• **What you should do**: From the first line to the last, return the data exactly, with no pictures.

• **Data provided**:
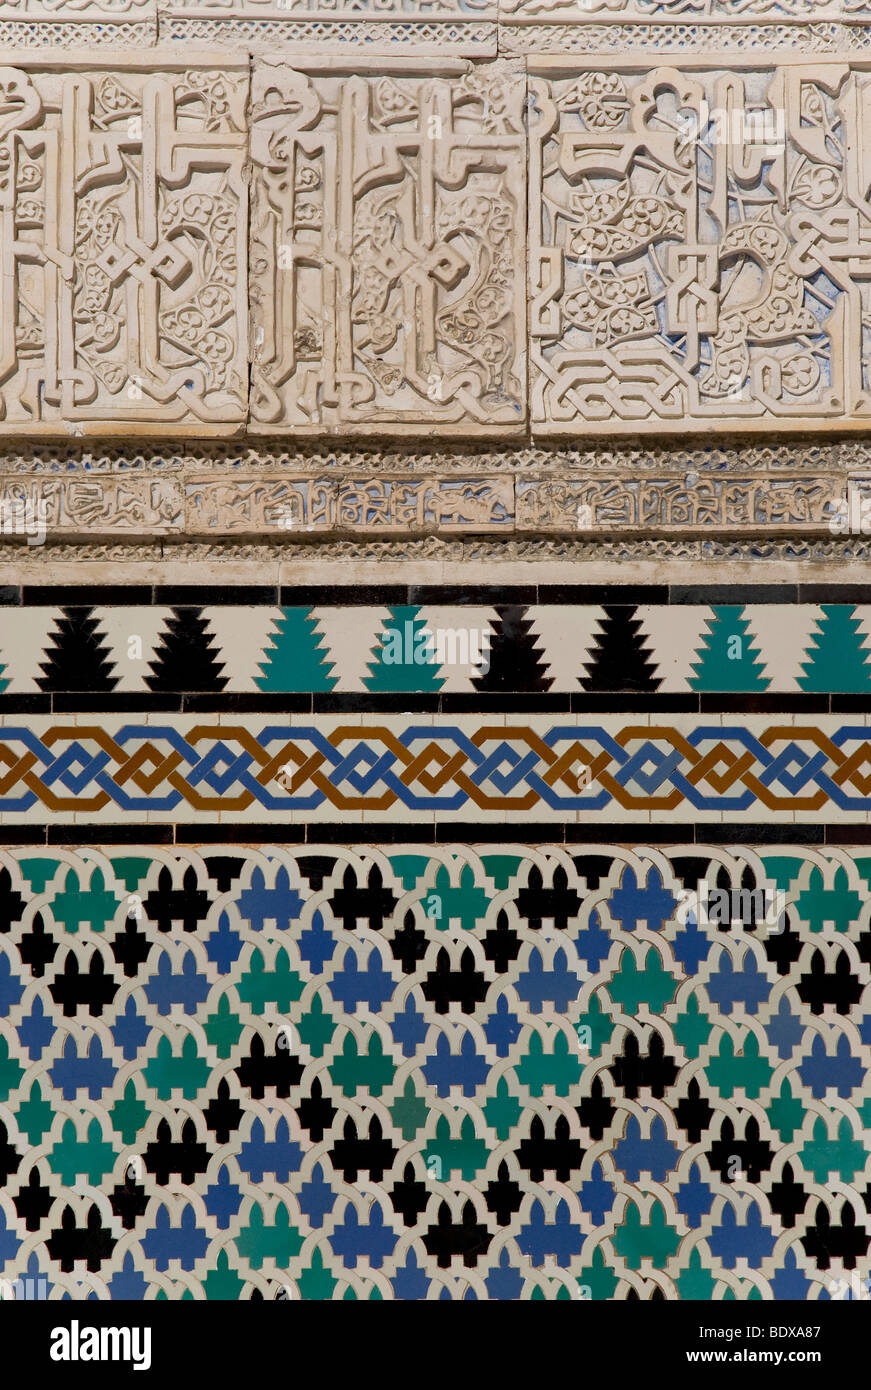 Alcazar, Arabian royal palace, tiles, mosaics, Barrio Santa Cruz, Seville, Andalusia, Spain, Europe Stock Photo
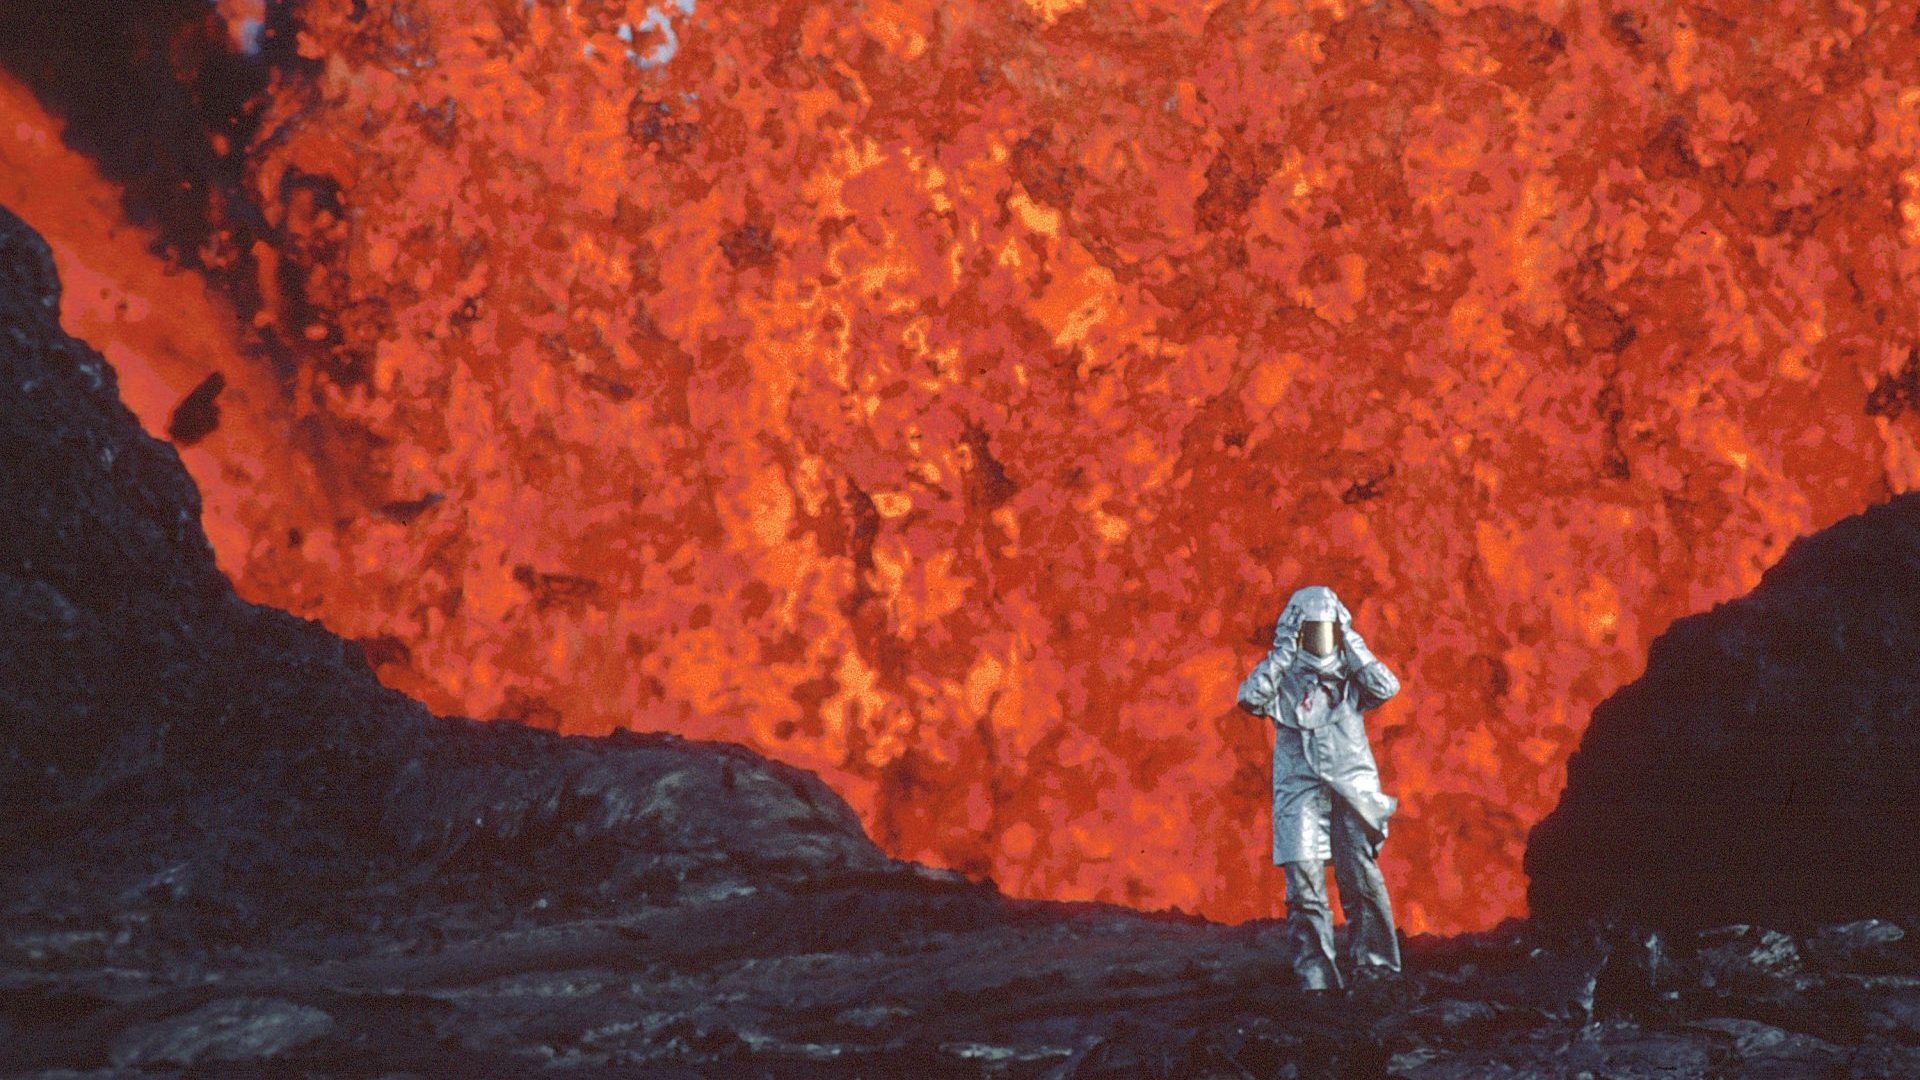 Katia Krafft wearing aluminized suit standing near lava burst at Krafla Volcano, Iceland. Photo: Image'Est
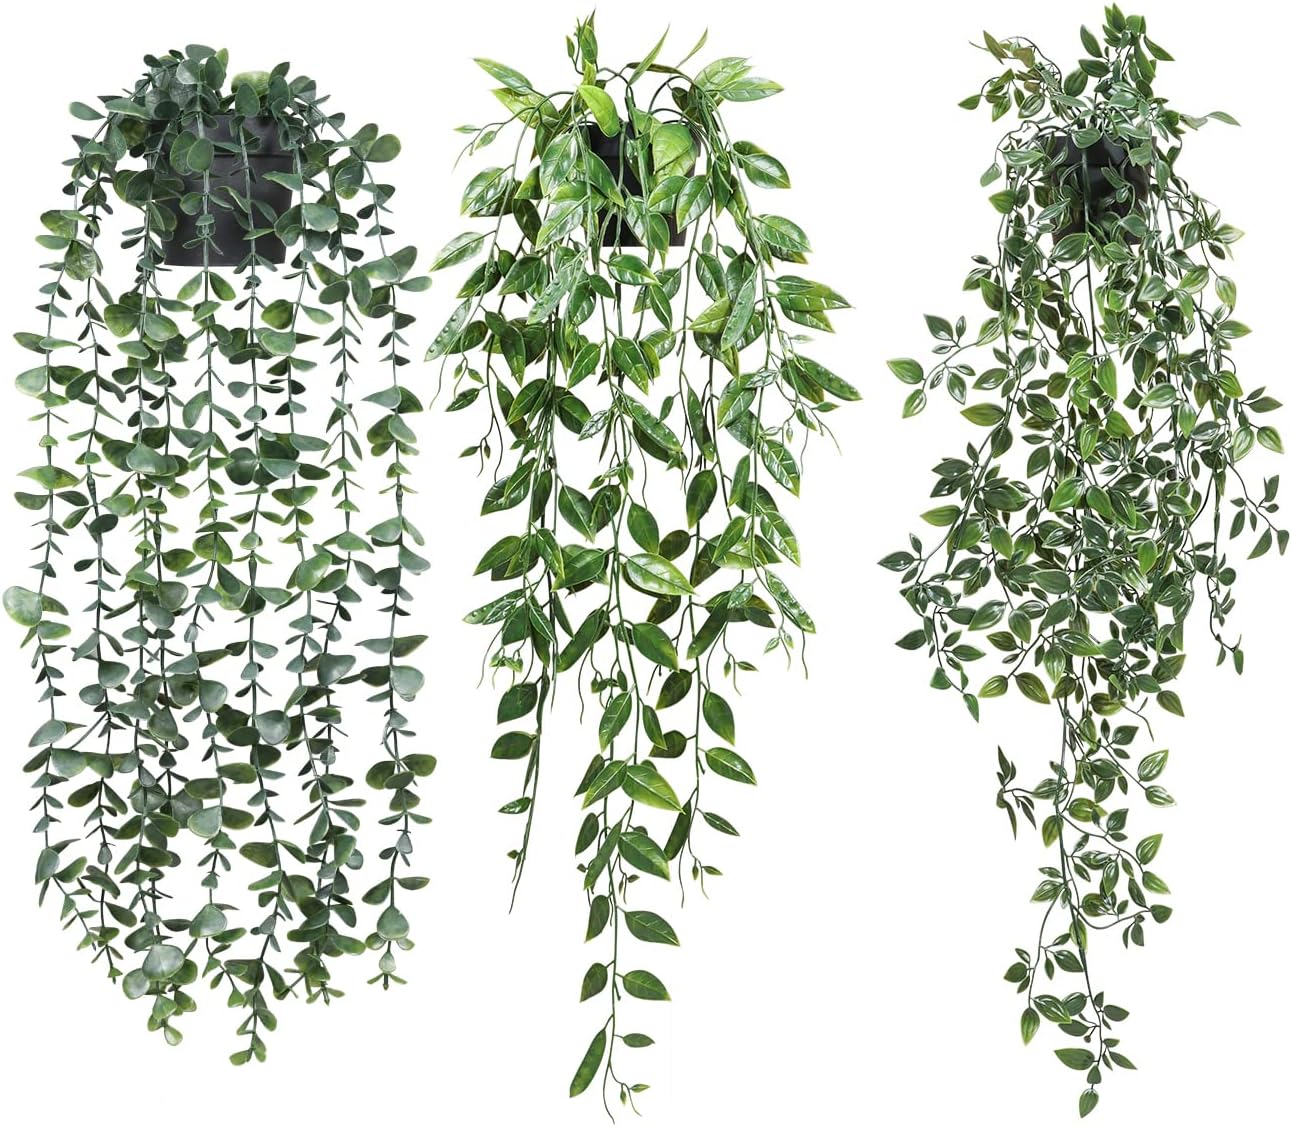 Serene Verde: Artificial Hanging Plants 3 Pack for Effortless Indoor Greenery Decor

• **Answer to this exercise**:
 Alcazar, Arabian royal palace, tiles, mosaics, Barrio Santa Cruz, Seville, Andalusia, Spain, Europe Stock Photo
 Katia Krafft wearing aluminized suit standing near lava burst at Krafla Volcano, Iceland. Photo: Image'Est
 Serene Verde: Artificial Hanging Plants 3 Pack for Effortless Indoor Greenery Decor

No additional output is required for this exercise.